Scraping Data - Sources?

eliquid

Serpwoo.com
May 10, 2007
7,207
205
63
A/B Testing
Hey, trying to use the knowledge of WF to help me out on a project.

I am looking for places to scrape data of local companies.

Example, say I needed all the lazer hair removal business's in Lexington, Kentucky... OR just Kentucky... OR all the United States.

I know I can hit up places like YellowPages, CitySearch, etc and scrape their content on a city level and such, but what other big data sources can I hit.

I am looking for free and public access, but I am not 100% opposed to paid sources if the data is good. Primarily though, I wanna hit the free sources first if possible but please list the paid ones if you know them.

I have thought about scraping off Google too, but would like a couple of consolidated sites if I could.
 


^^ thanks Nick, but I got a few of the easy ones like YellowPages and CitySearch ( and similar clones ), looking for more though if possible that I might not know of since I don't play in the data space much.
 
Company Profiles & Company Information on Manta

Why are you opposed to just scraping Google places though?

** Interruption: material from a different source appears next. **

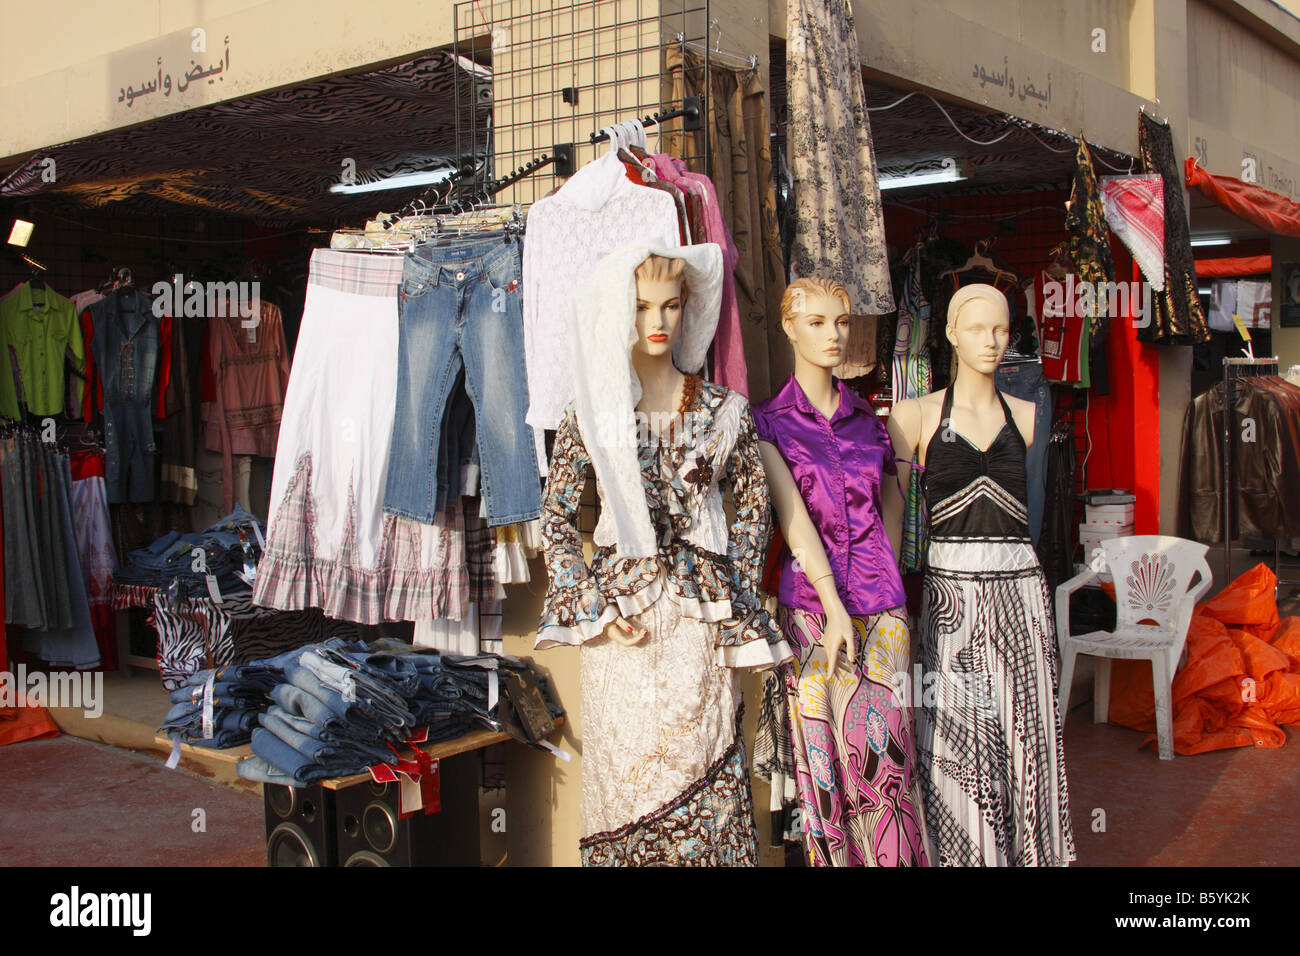  MANNEQUINS  IN A TEXTILE SHOP IN DUBAI  Stock Photo

I am trying to get the most complete dataset I can. Not saying that scraping Google won't give me that, but trying to find out all the sources I can upfront to determine best starting points that give me the best scrape I can get off the bat.

might as well hit yelp's api while you're at it

noted, thanks

Yahoo local is pretty good for some categories.

Thanks
 
I don't know how doable this is, but for example ehow / ezine often have articles that are used for references to local businesses. You'll find the local company data often in the footer of the article, don't know if it's worth the trouble just a suggestion.

Otherwise YP / maybe buy some software like digital phonebooks etc. and scrape it directly from there.
 
I don't know how doable this is, but for example ehow / ezine often have articles that are used for references to local businesses. You'll find the local company data often in the footer of the article, don't know if it's worth the trouble just a suggestion.

Otherwise YP / maybe buy some software like digital phonebooks etc. and scrape it directly from there.


Maybe try scraping state incorporation sites?

Noted and thanks for your all's suggestions